Brodsky

1012.

 

Le projet mûrissait. C’est aujourd’hui fait. Ils verront le jour.

 

 

Les Vingt sonnets à Marie Stuart de Joseph Brodsky paraîtront à l’enseigne ravie des Doigts dans la prose prochainement dans une édition en quatre langues, dont deux françaises :

 

le texte russe de Joseph Brodsky ;

la traduction anglaise de Peter France et l’auteur ;

la version française de Claude Ernoult, publiée par Gallimard ;

la version d’André Markowicz, qui y ajoute une postface.

 

La traduction d’André Markowicz avait initialement paru à l’hiver 1987 dans la Lettre internationale à l’occasion du Prix Nobel de littérature décerné à Joseph Brodsky.
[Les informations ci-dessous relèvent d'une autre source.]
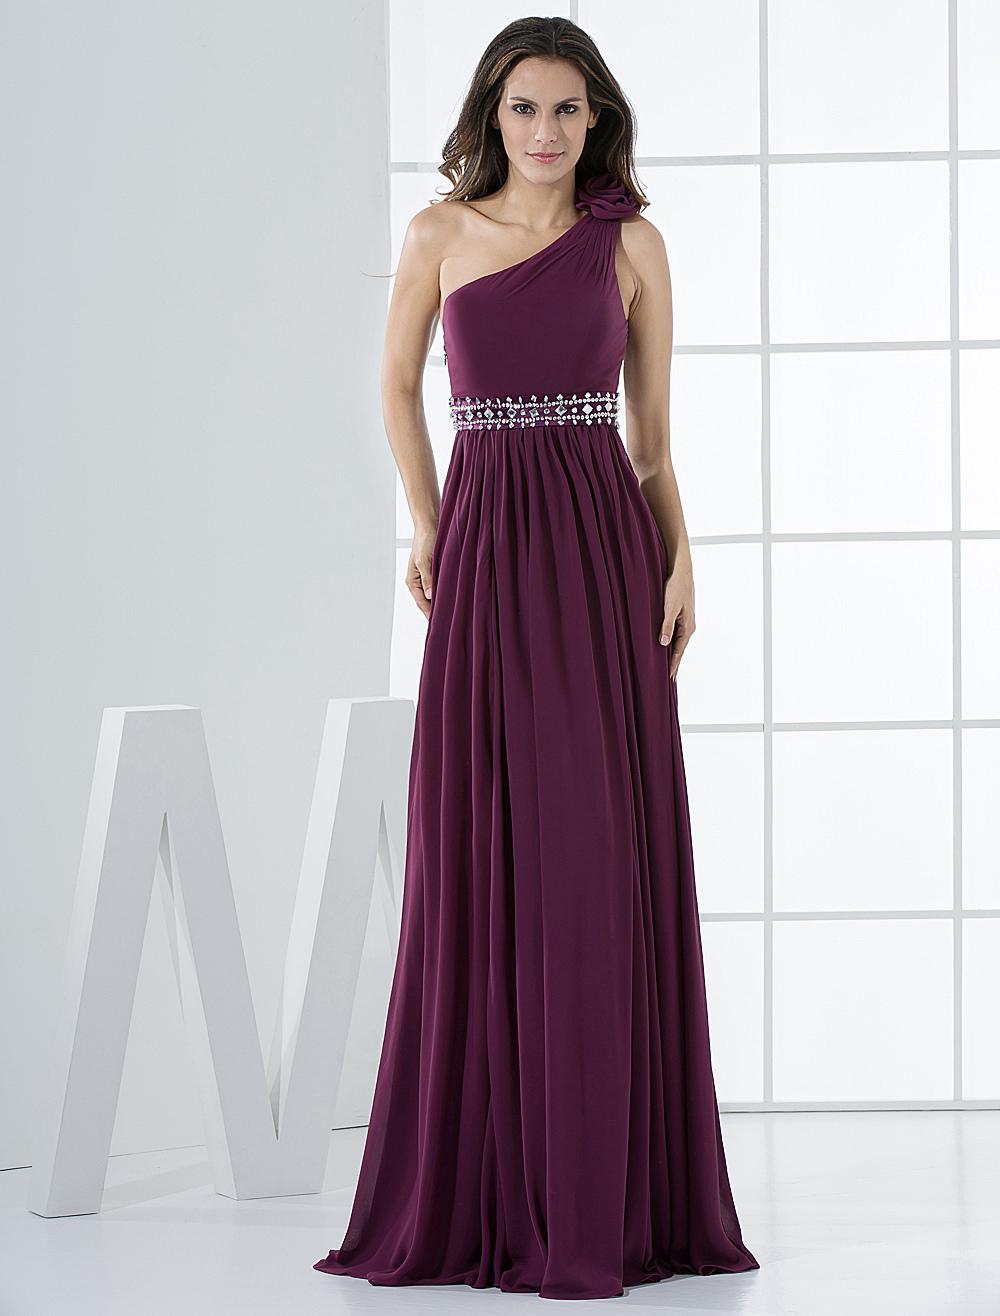 Grape Elegant A-line Rhinestone One-Shoulder Long Evening Dress (Wedding Evening Dresses) photo

Fondée en 1984 par Antonín Liehm, l’édition française de cette revue diffusée dans toute l’Europe disparaissait en 1993 malgré quelques tentatives de survie. La version de Markowicz s’est mise alors à circuler auprès d’un cercle d’amateurs patients parallèlement à celle que publiait Claude Ernoult dans le volume Poèmes 1961-1987 aux éditions Gallimard.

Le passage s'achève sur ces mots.